Nicole Delépine : Depuis 2003, la mise en place de plans d'organisation extrêmement coûteux a entrainé une manière très bureaucratique d'exercer la médecine. Les médecins doivent appliquer les recommandations venues de l'Institut National du Cancer et la Haute autorité de santé. Les décisions s'imposent en réunion de concertation pluridisciplinaire. Au départ, l'idée était d'offrir à tous les patients une équité de traitement. Mais on enlève au médecin sa liberté de soigner.
En quoi ces recommandations vous posent-elles un problème ?
Nicole Delépine : L'accent est mis sur les molécules innovantes, qui coûtent très chers, et sont souvent encore au stade expérimental sans avoir reçu d'autorisation de mise sur le marché. Ce choix se fait au détriment des traitements éprouvés. Le prix est très élevé. Le "coût du cancer" s'élève à environ 14 milliards d'euros annuels.
A-t-on le droit de faire autrement que le choix proposé en réunion de concertation pluridisciplinaire ?
Nicole Delépine : Oui, sur le papier. Mais c'est rare dans les faits : il faut justifier sa décision, résister à la pression du chef et du collectif pour imposer son diagnostic propre.

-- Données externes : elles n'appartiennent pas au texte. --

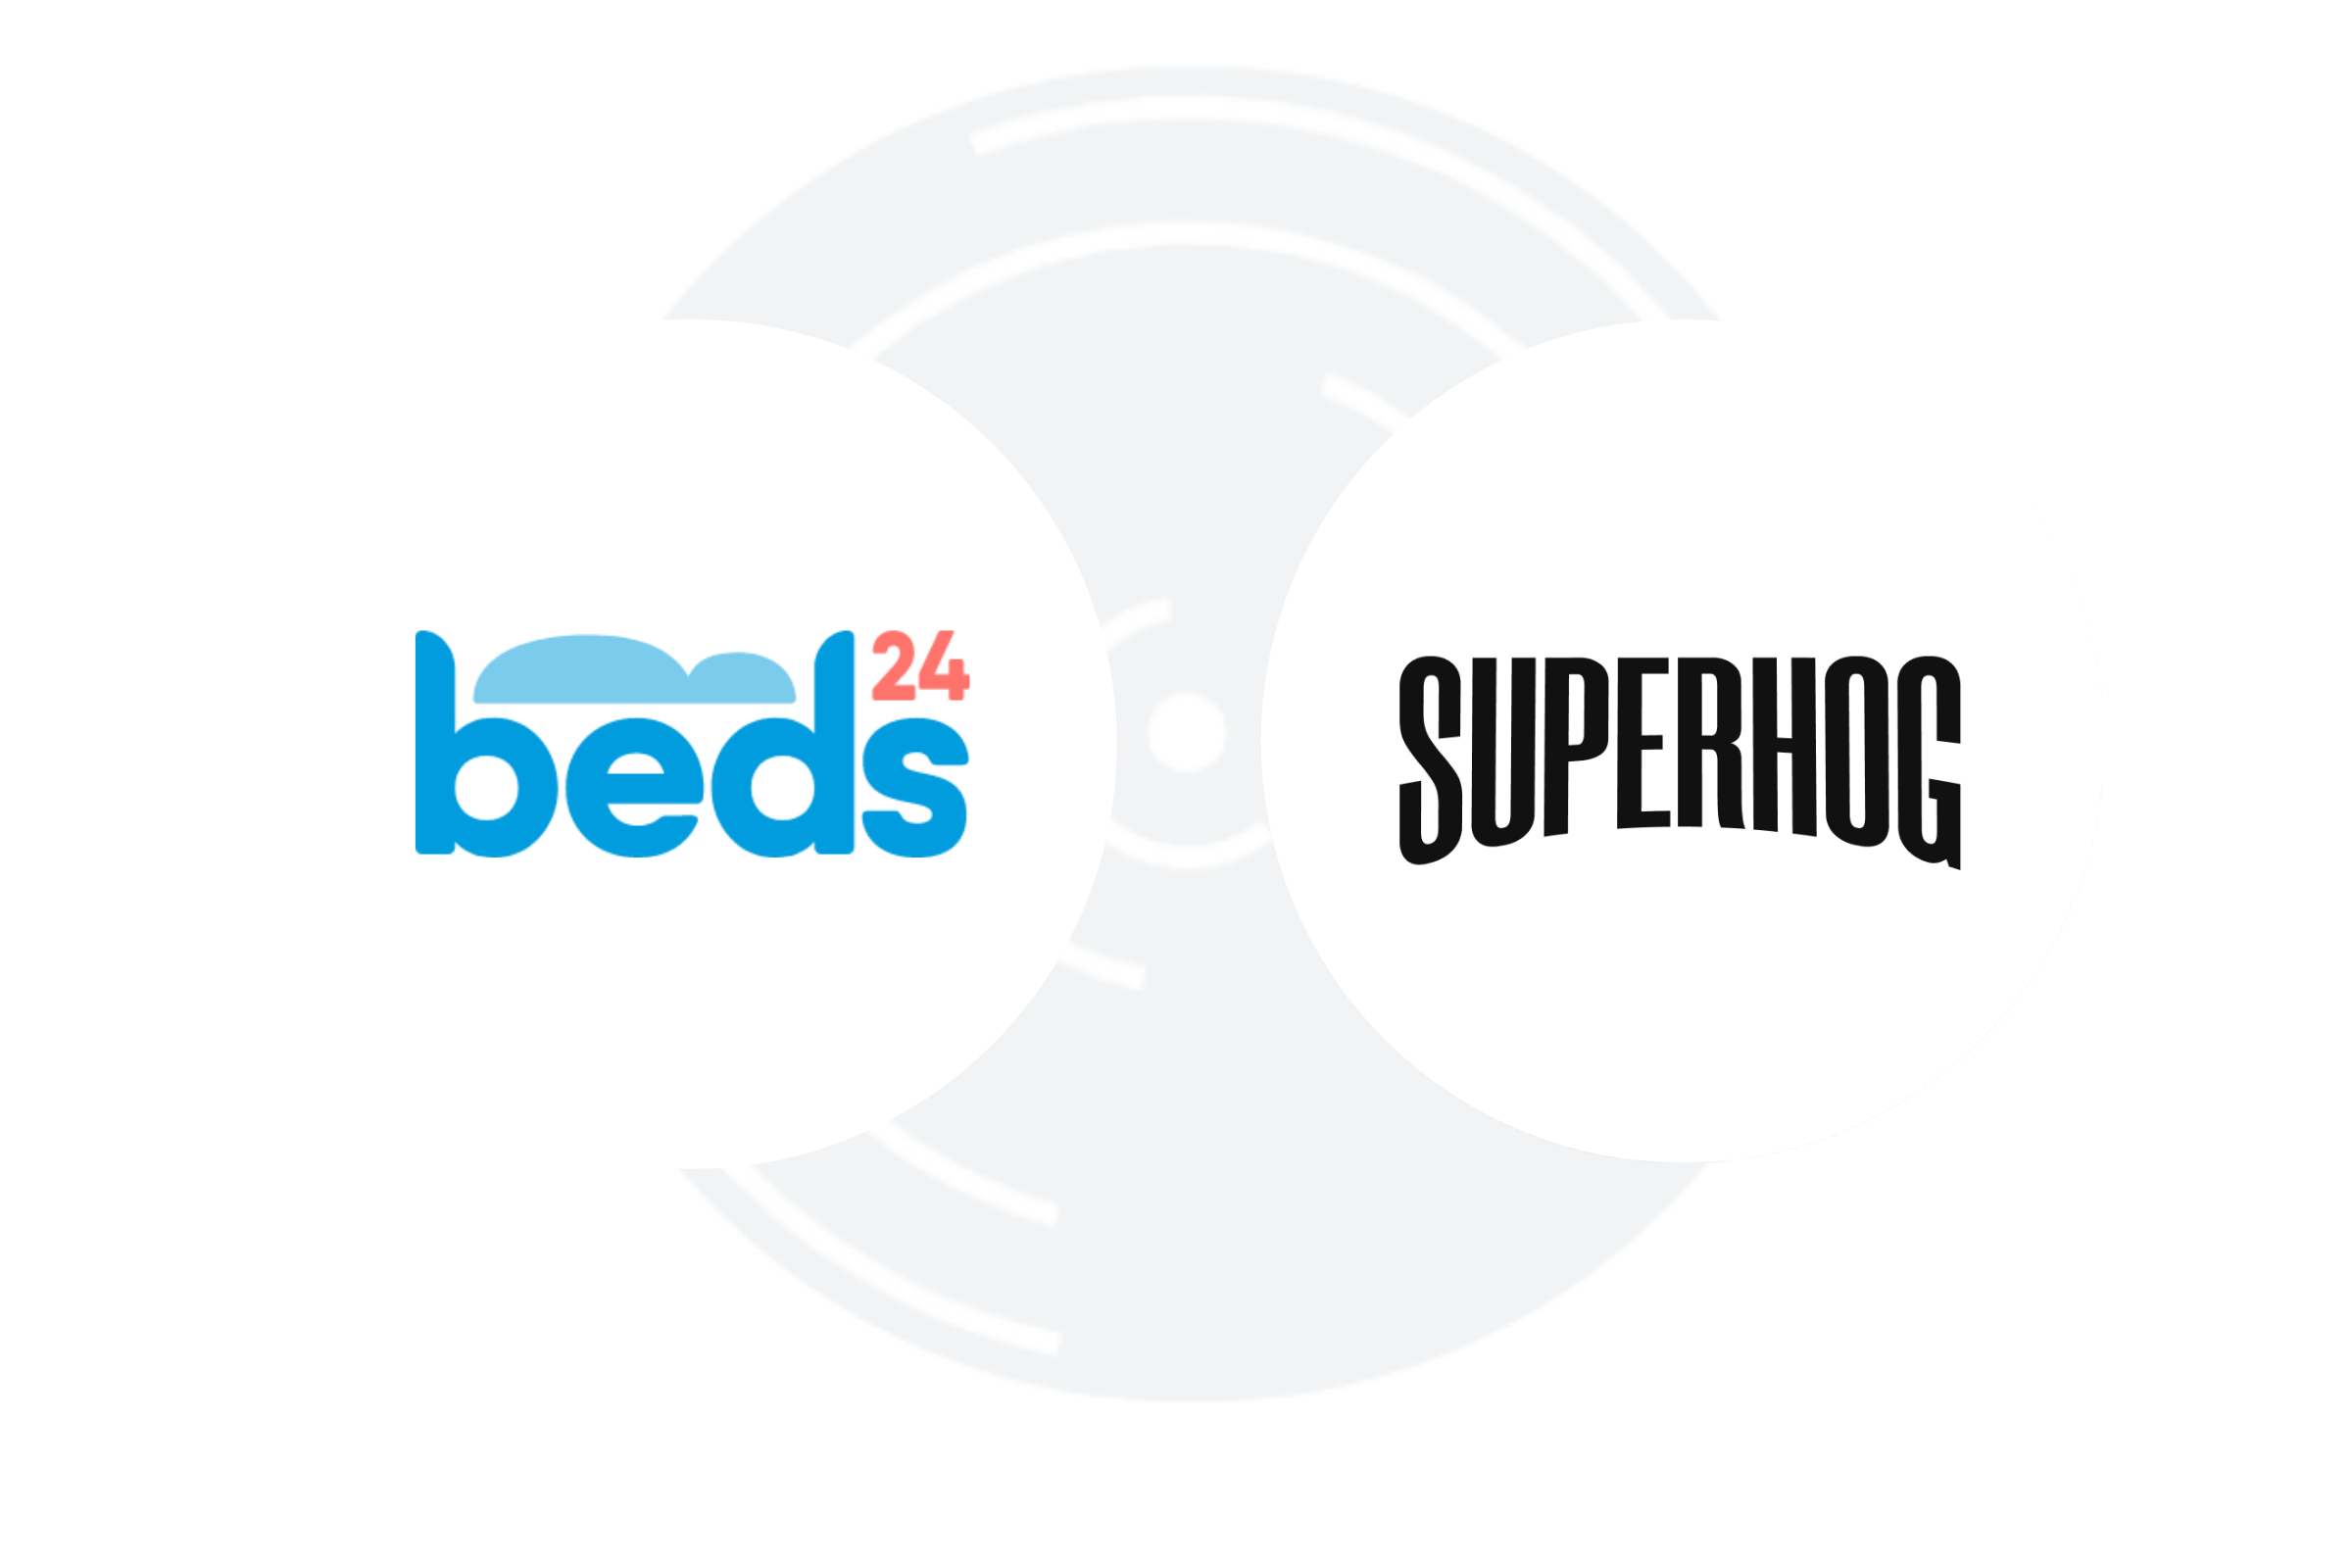 Beds24 landing page

Y a-t-il une évaluation de ces "plans cancers" ?
Nicole Delépine : Aucune évaluation officielle ne prouve pour le moment une augmentation du taux de guérison du cancer suite à cette nouvelle organisation. Elle dépense de l'argent sans montrer son efficacité. Et elle déshumanise l'hôpital,
alors que le lien humain avec le patient est essentiel dans la guérison.